After confirmation of the presence of PTX, the next important issue is to quantification of the volume of PTX. The latter is important in that it may determine whether conservative or surgical procedure needs to be instituted. Volpicelli et al. found that the location of lung point can reliably classify PTX size as compared to CXR (19). In animal models of PTX, Oveland et al. demonstrated that chest US can accurately assess the progression of PTX during mechanical ventilation (20). In a case study reported by our group, we identified a double lung point sign in an infant and the PTX was further confirmed by chest CT scan (21). The PTX can be managed with conservative method. To the best of our knowledge, there are three cases of double lung point having been reported and one common feature of them is that all of the patients were managed by conservative method due to small size of PTX (22-24). As a result, we propose that the identification of PTX with double lung point indicate limited volume of PTX. If the patient presents severe respiratory compromise, other potential causes should be thoroughly sought for.
Diagnostic accuracy of chest US
Due to its wide availability in emergency and critical care setting, US has been investigated in numerous studies for its diagnostic accuracy in the determination of PTX (25-31). Recently, two independent study groups conducted systematic reviews of these articles (32,33). Ebrahimi et al.’s study included 28 studies and showed that the pooled sensitivity and specificity of chest US were 0.87 (95% CI: 0.81-0.92) and 0.99 (95% CI: 0.98-0.99), respectively (33). Additionally, they performed meta-regression and the result showed that the diagnostic accuracy of US in diagnosing PTX performed by the emergency physician was higher than by non-emergency physician. Higher pooled sensitivity (0.90; 95% CI: 0.83-0.98) was found in non-trauma setting, but lower specificity (0.97; 95% CI: 0.95-0.99) was reported in non-trauma setting. Alrajab et al.’s study included only 13 original research articles, probably due to more strict selection criteria (32). Their study showed that US had a pooled sensitivity of 78.6% (95% CI: 68.1-98.1) and a specificity of 98.4% (95% CI: 97.3-99.5). They also performed meta-regression and subgroup analyses to investigate heterogeneity, which indicated that consecutive sampling of patients provided higher sensitivity results than convenience sampling.

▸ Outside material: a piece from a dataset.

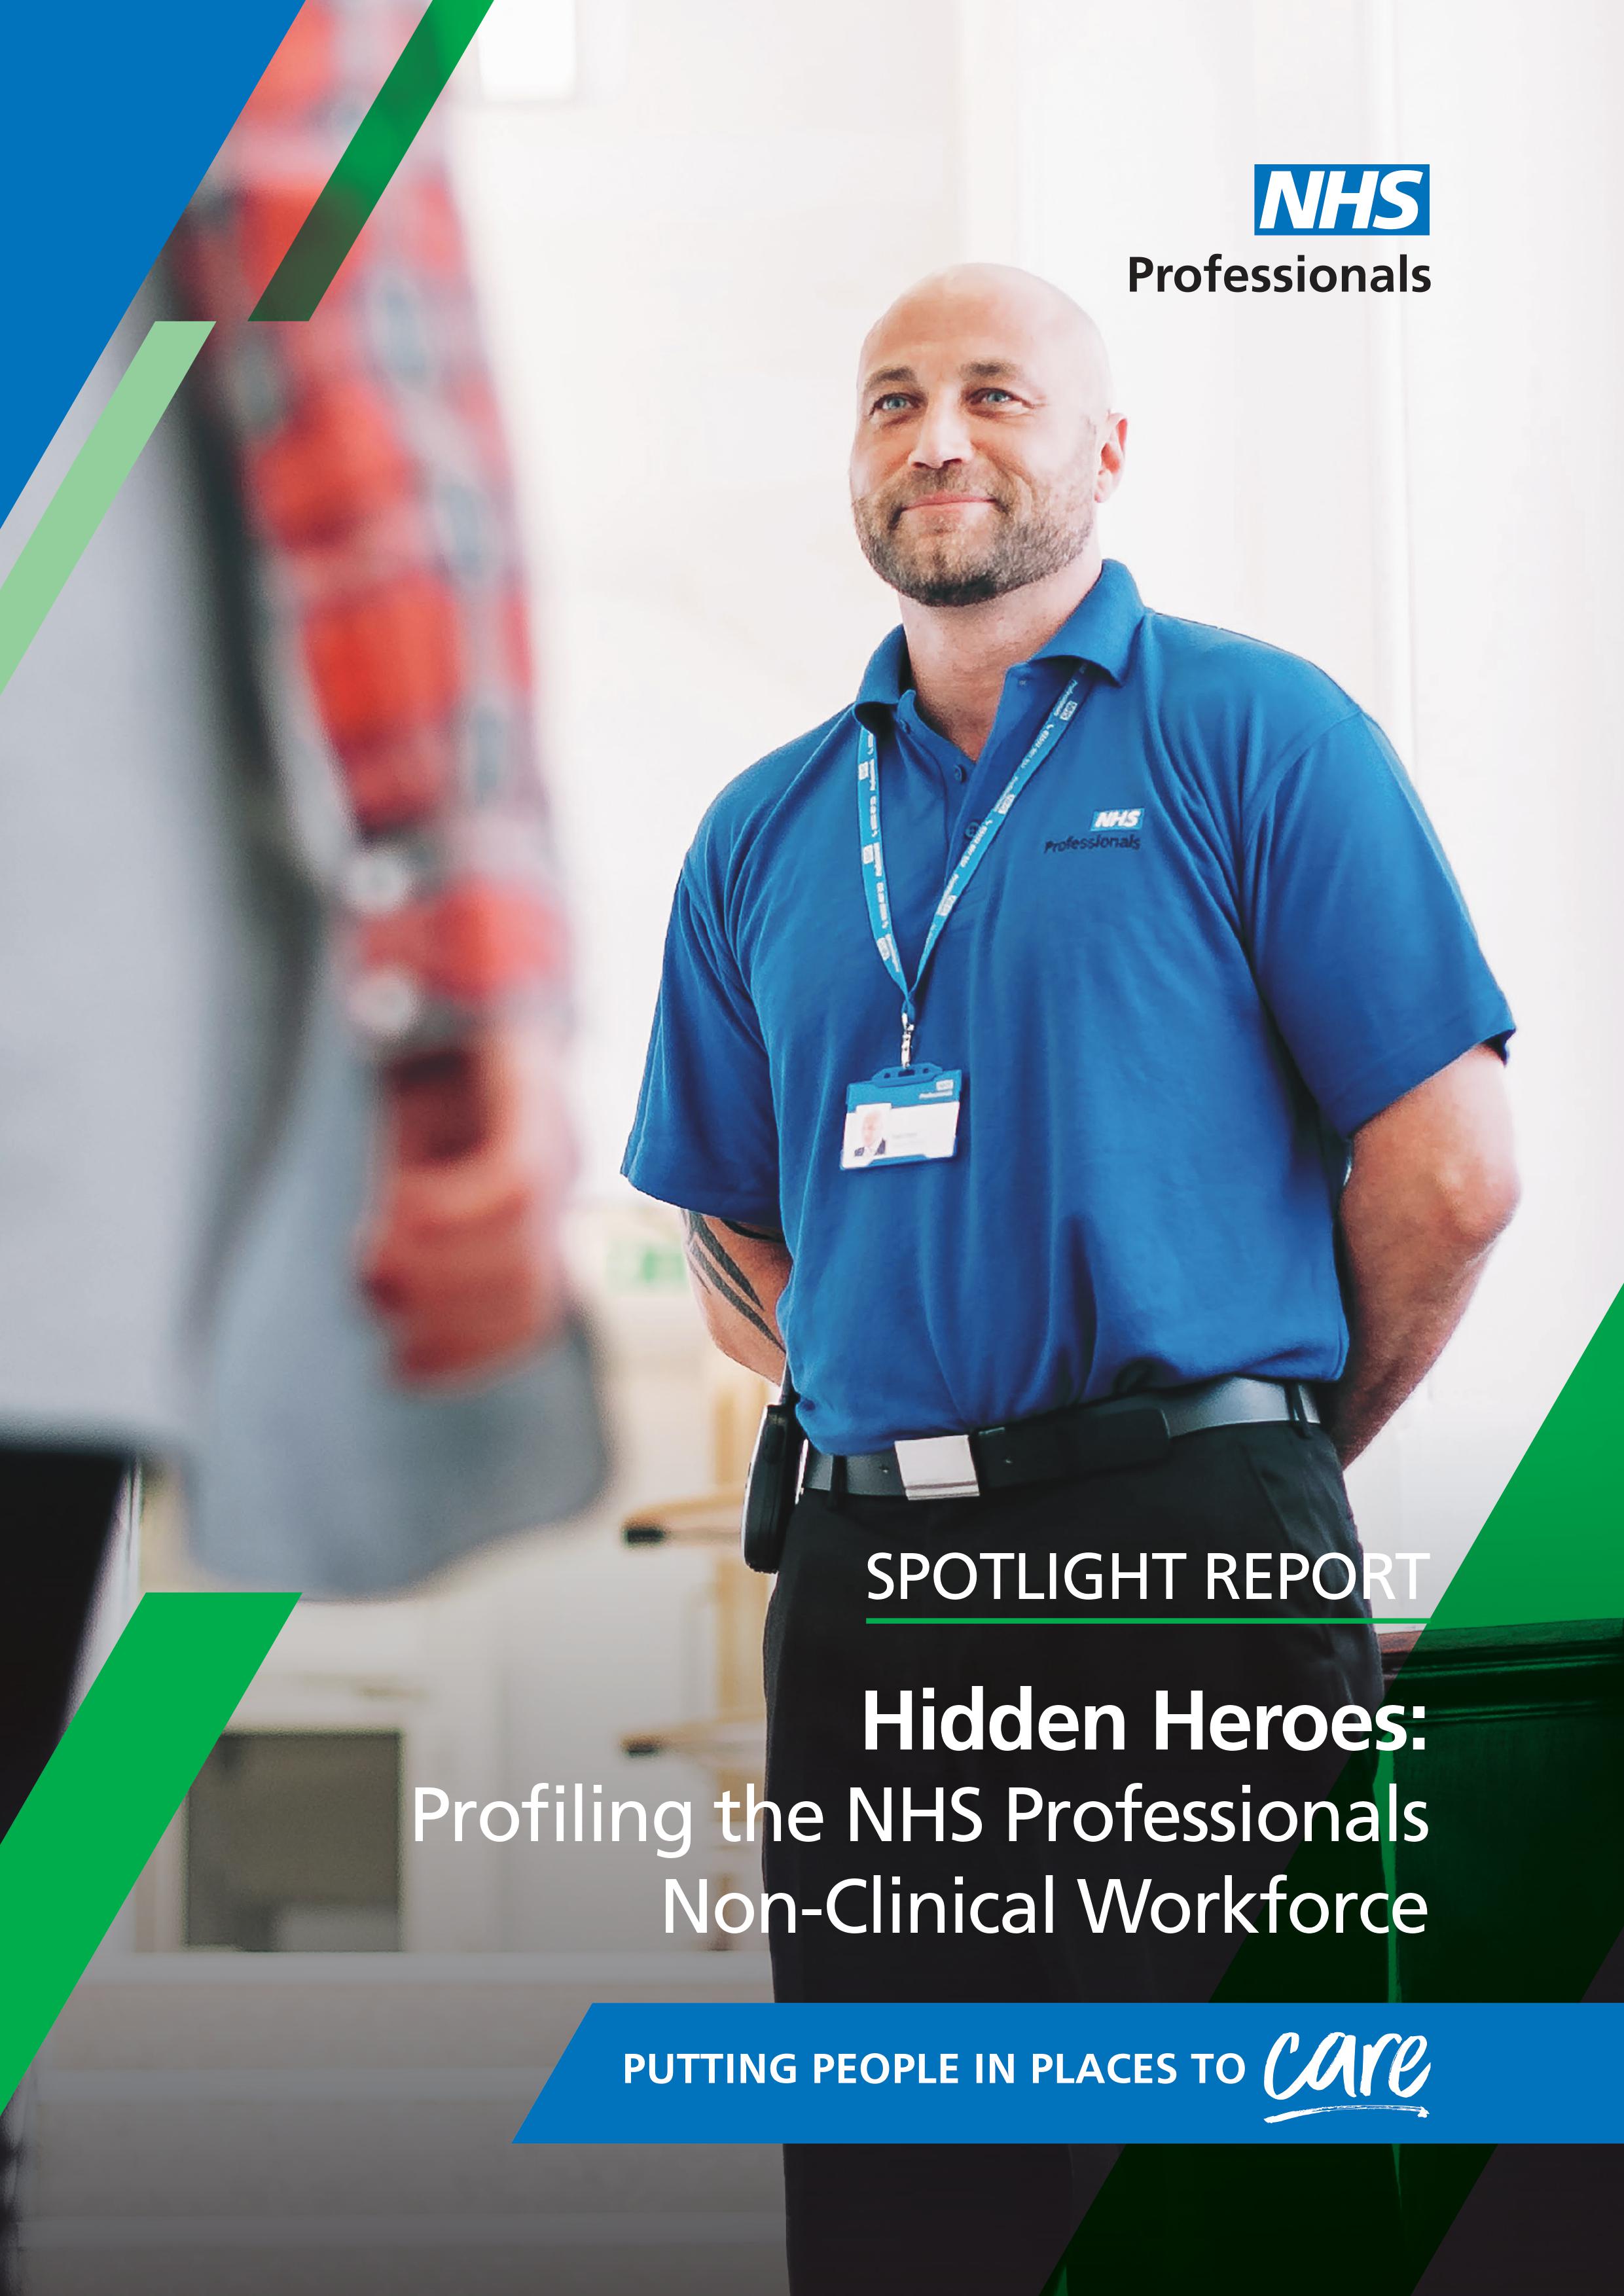 Hidden Heroes: Profiling the NHS Professionals Non-Clinical Workforce
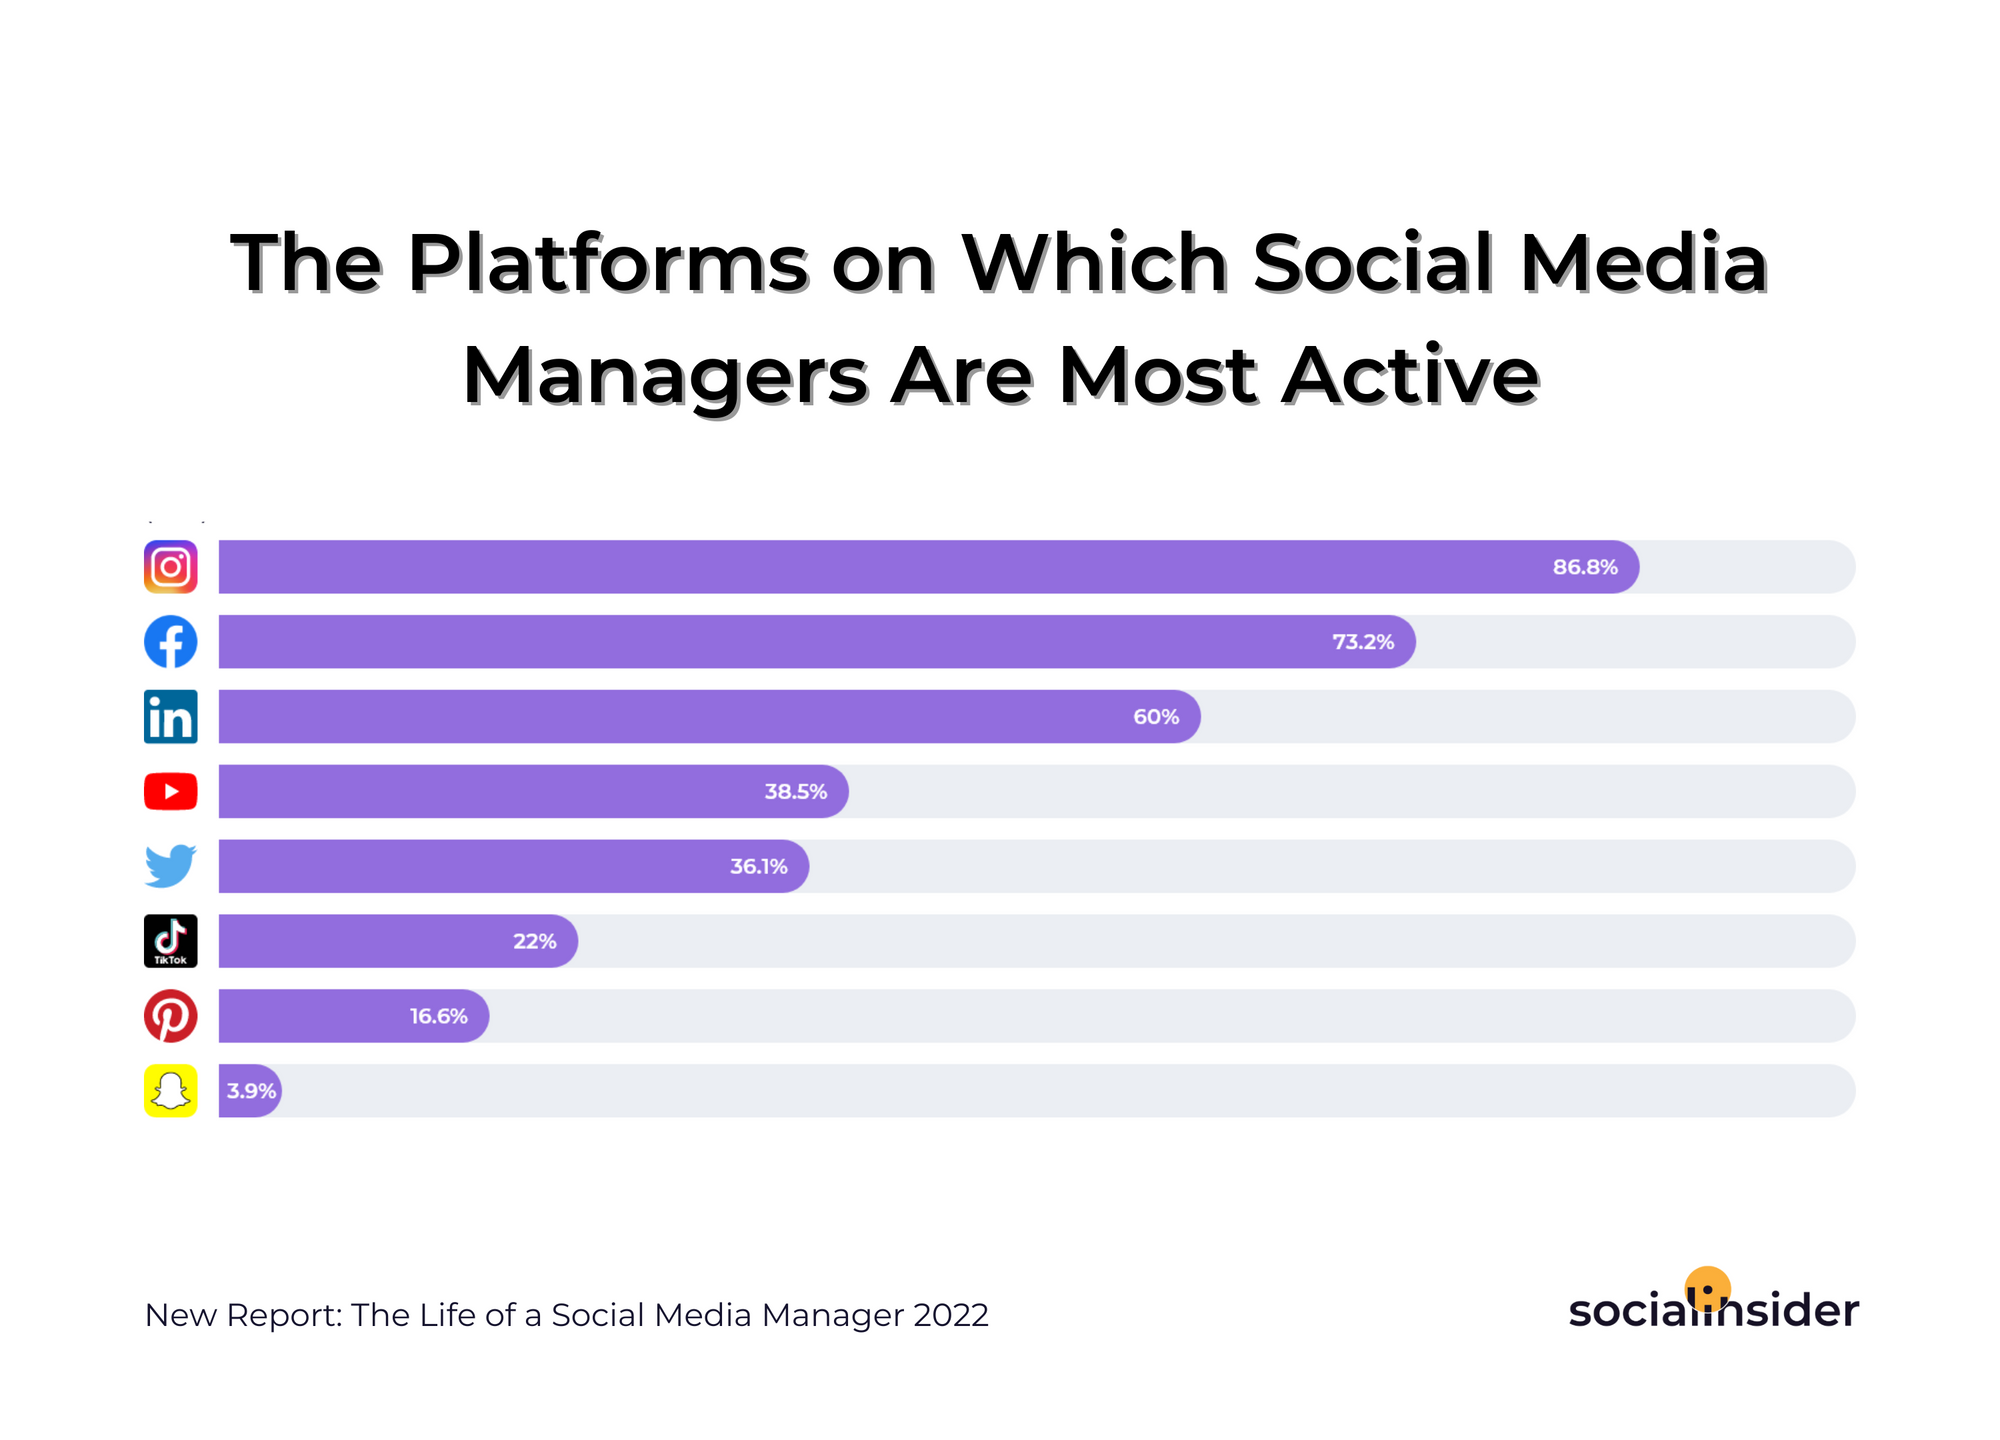 This is a graph containing the platforms on which social media managers are most active

US represents a novel approach for the evaluation of PTX, with advantages of timeliness, high accuracy and high reliability. The US skills should be incorporated into the standard training programs of physicians working at emergency and critical care settings. Because lung ultrasound is relatively new, there are many areas of active research. For example, new signs continue to be reported and defined. The technique to quantification of PTX size is still under investigation. Furthermore, the diagnosis of PTX under special conditions such as mechanical ventilation and patients with large pulmonary bullae are being reported (34). Atypical signs such as “physiological lung point” and “pseudo-lung point” should be noted and carefully distinguished from true lung point.
Conflicts of Interest: The authors have no conflicts of interest to declare.